Is there an idiomatic way to iterate over all binary strings of a given length?

I would like to iterate over all binary strings of length n, for some smallish integer n. Is there an idiomatic Julia way to do that?

1 Like
for i = 0:2^(n+1)-1
       s = bitstring(i)
       println(s[length(s)-n:end])
end

There might be a nicer way to get the last n characters of a string, but this was quick and dirty :slight_smile:

4 Likes

You don’t need to interpolate here. Just do

println(s[end-n:end]) 
3 Likes

Don’t you need to start from 0?

function bb(n)
    for i = 0:2^n-1
       s = bitstring(i)
       println(s[end-n+1:end])
    end
end

and then

julia> bb(3)
000
001
010
011
100
101
110
111
2 Likes

last(somestring, n)

4 Likes

Thank you for this. I wonder if there is a lighter weight solution if you need to iterate over a large range (say n = 30), quickly.

You may try to implement iterator which goes through Gray code, I think it’s as fast and lightweight as it can be. There is no dedicated package, but here is snippet from rosetta code: RosettaCodeData/gray-code.julia at master · acmeism/RosettaCodeData · GitHub

1 Like

That would iterate over integers not strings, right? Or were you suggesting I write a new version which iterates over strings?

Sorry, my comment can be misleading. Regarding your question, it actually depends on what type of object you are working with. If it’s String than I do not think that it is possible to do anything faster than solutions shown above (increase some integer with the following conversion to String). If on the other hand it’s possible to use BitArray or Vector{UInt} than you can write your own implementation of the Gray Code and mutate corresponding vector inplace.

Why do you need to use strings?

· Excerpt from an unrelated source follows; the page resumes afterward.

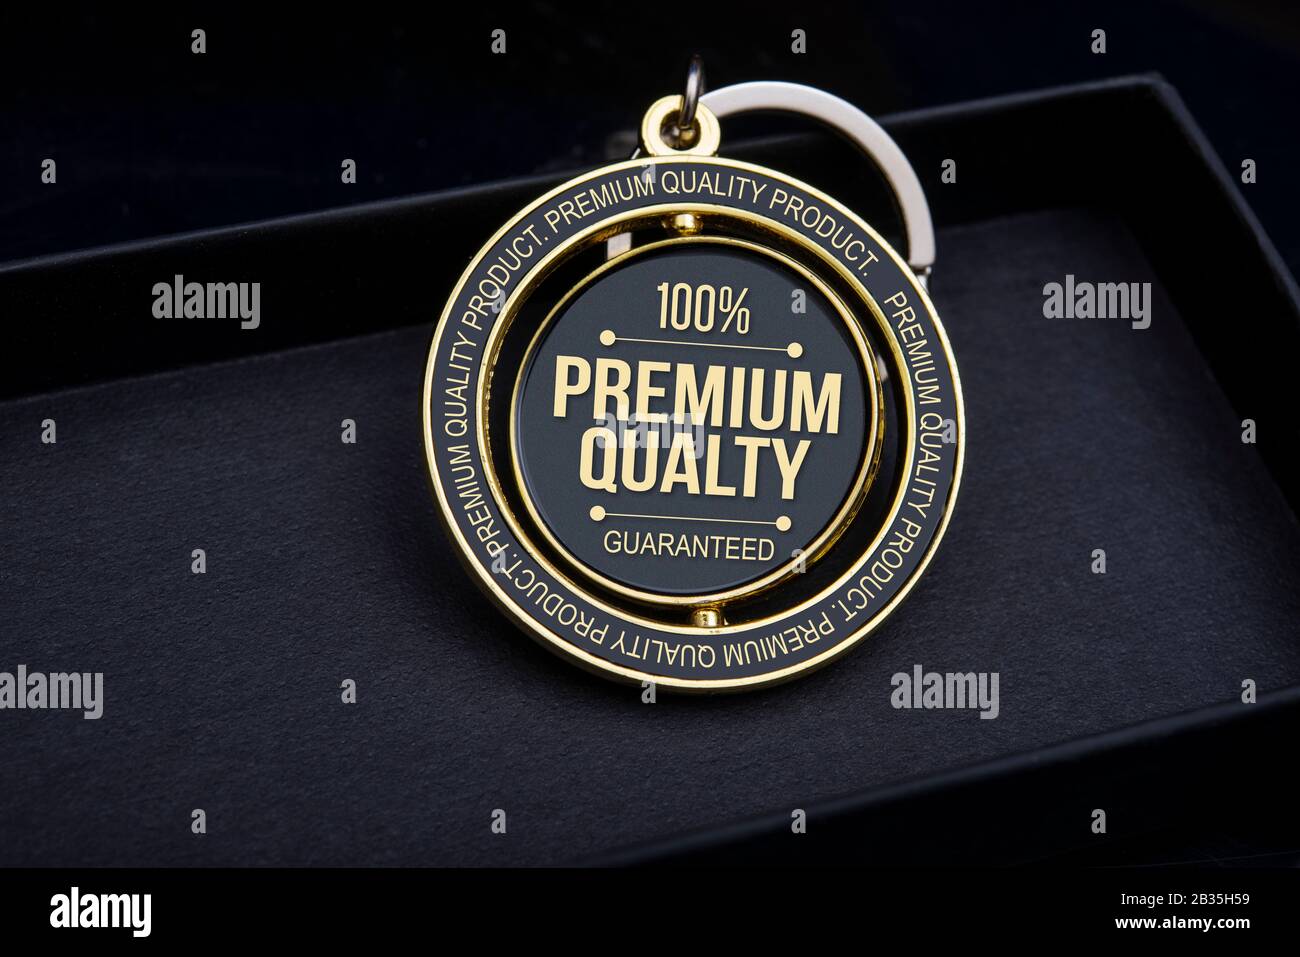 Testo del 100% di qualità premium garantita su badge e portachiavi Foto Stock
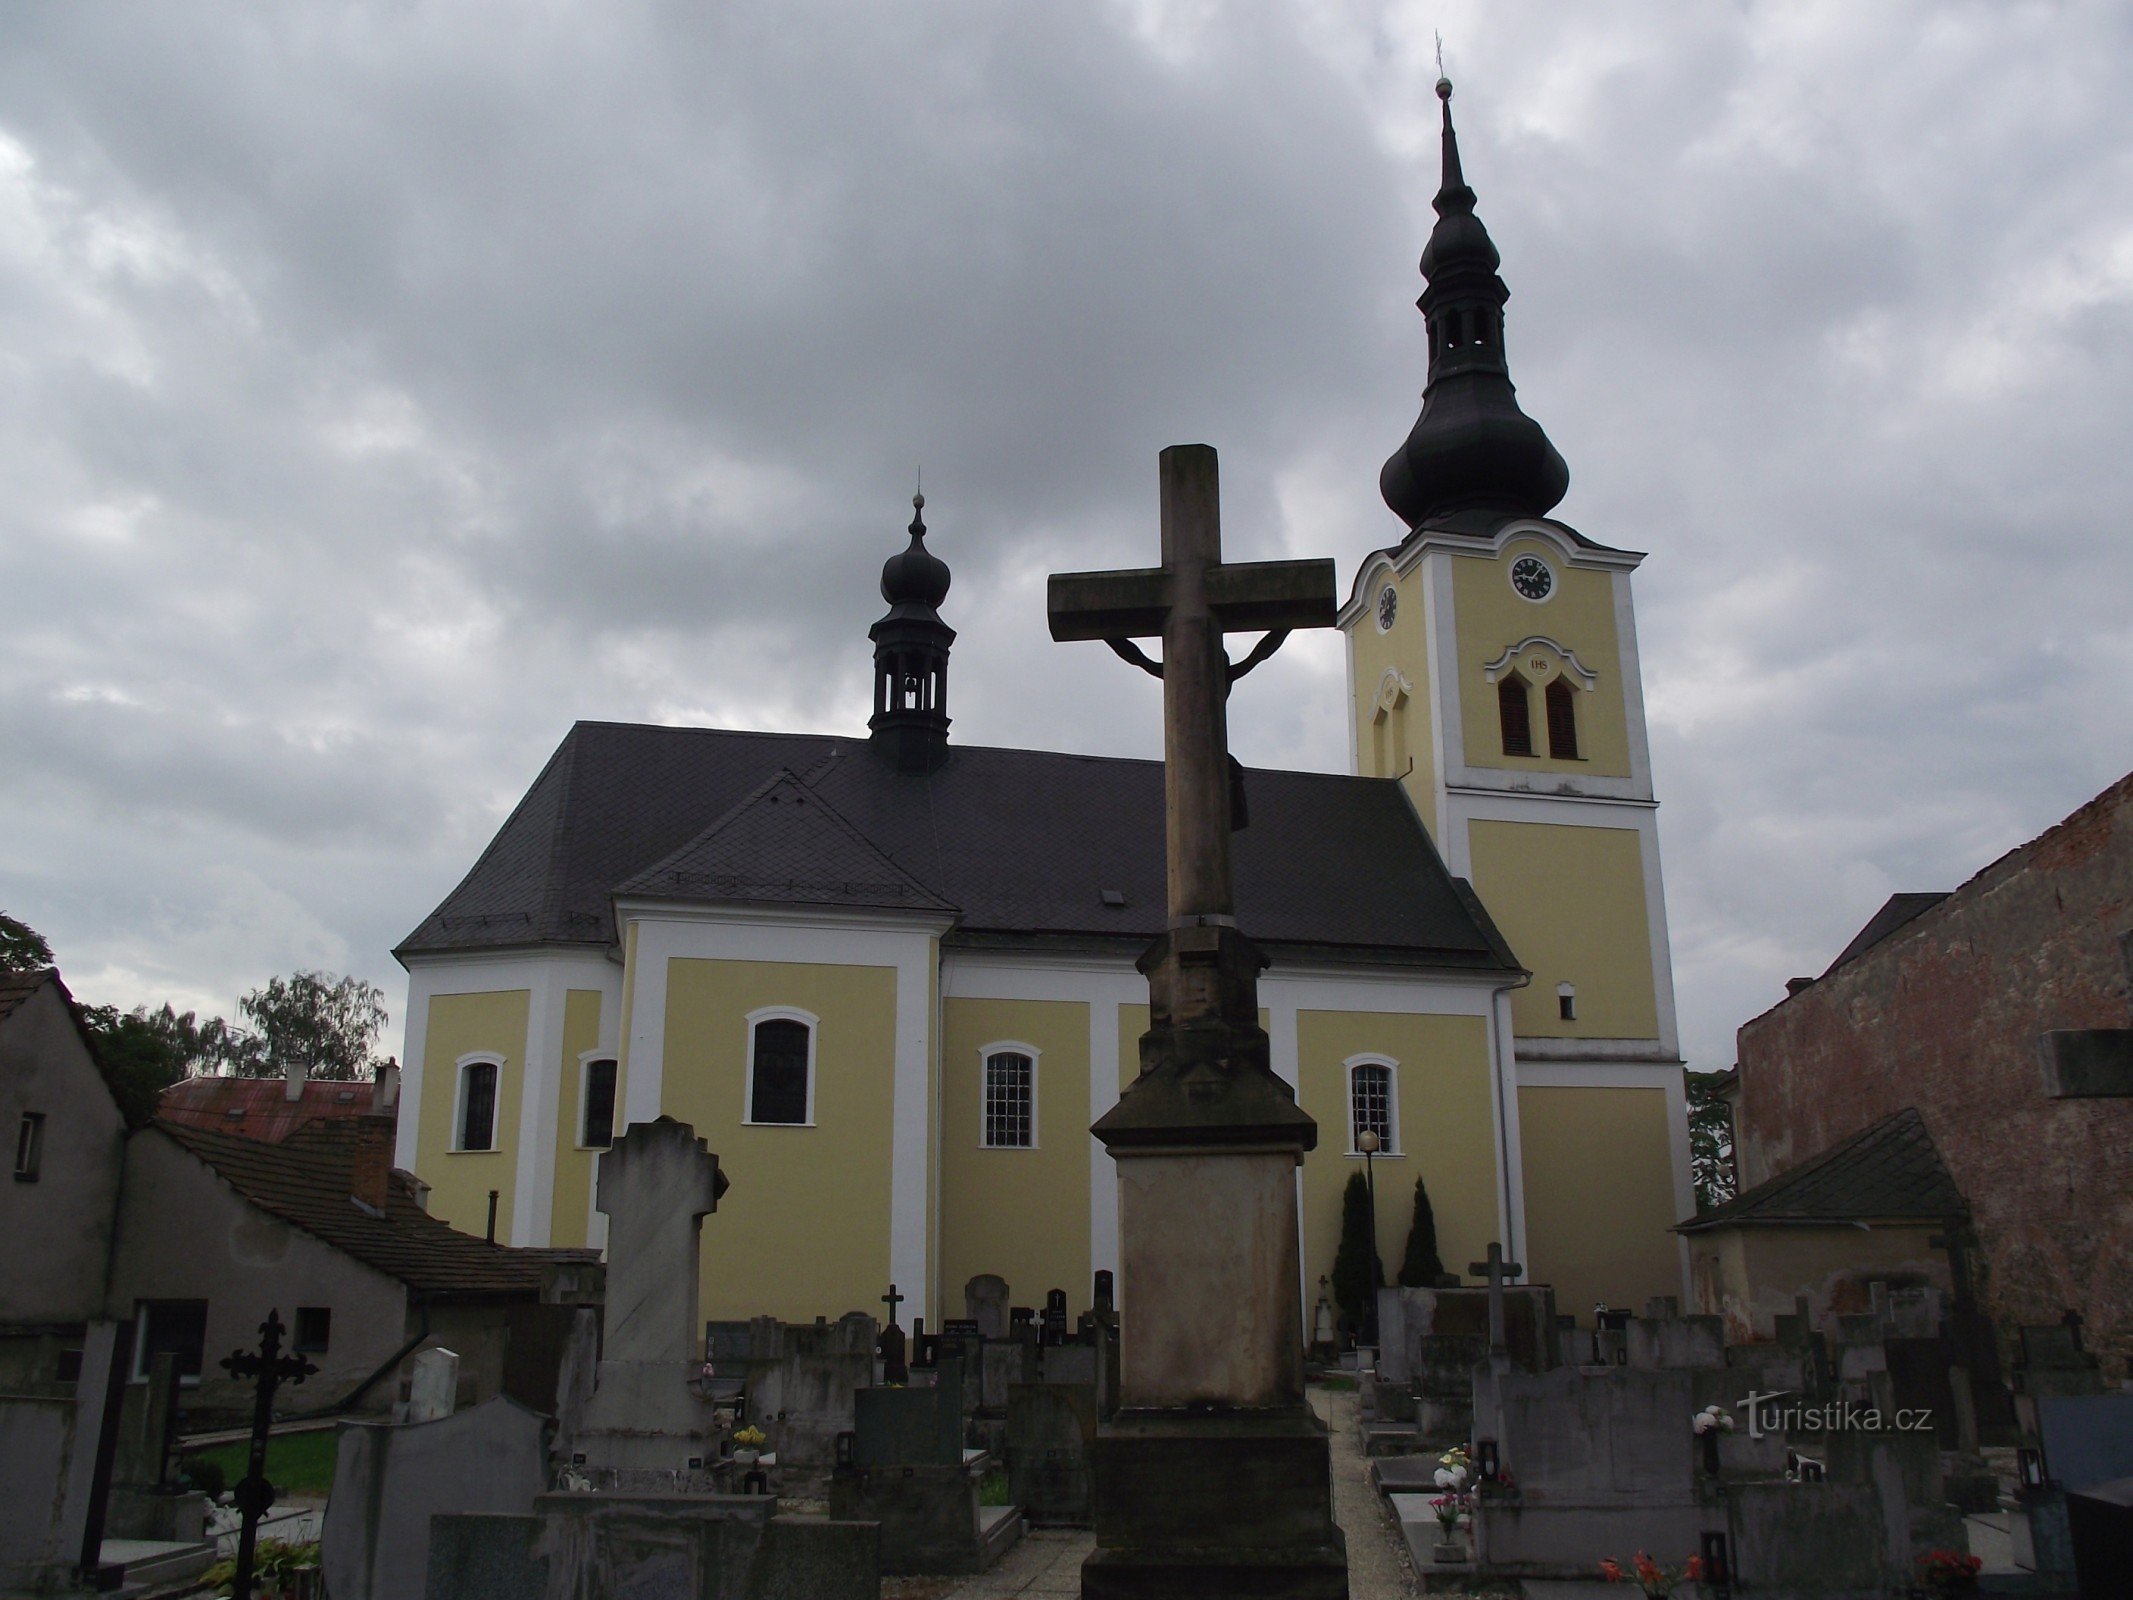 Moravičany: un pueblo lleno de monumentos (no solo pequeños)

What are you trying to do?

It’s never going to be super fast if you use String, because you need to allocate a new string on each iteration.

1 Like

I guess if I update the strings in Gray code order then I only need to change one entry at a time which could be very fast.

I need strings as I am computing various distances between them. For example the Levenshtein distance.

String is immutable in Julia, so it can’t be updated in-place. Of course, you could define your own string type, but a Vector{Bool} would be a much more natural choice here than a string.

It would be easy (and probably more efficient) to implement these distance metrics using Vector{Bool}.

As a side note, you still may use package like StringDistances with your own type of String, due to the multiple dispatch, for example

using StringDistances

struct MyString <: AbstractString
    v::Vector{Bool}
end

Base.:ncodeunits(s::MyString) = length(s.v)
Base.:isvalid(s::MyString, i::Int) = true
Base.:iterate(s::MyString, i::Int) = iterate(s.v, i)

s1 = MyString([true, true, false])
s2 = MyString([false, false, false])
evaluate(Levenshtein(), s1, s2) # 2
3 Likes

Is this right? I’m not familiar with this functionality, but according to the docs:

If isvalid(s, i) is true then s[i] will return the character whose encoding starts at that index.

1 Like

It depends on what we should consider character in this case. If character is Bool, than this definition is correct. If character is group of 8 Bool values, than things will be more complicated of course. I suppose then instead of Vector{Bool} one should use Vector{UInt8}.

I don’t get it. Why isn’t it

Base.isvalid(s::MyString, i::Int) = 1 <= i <= length(s.v)

for example?

Ah, yes, that’s better of course.
My definition works, because length check basically happens inside iterate (and this function is mainly used in StringDistances algorithms), but in other cases it will fail.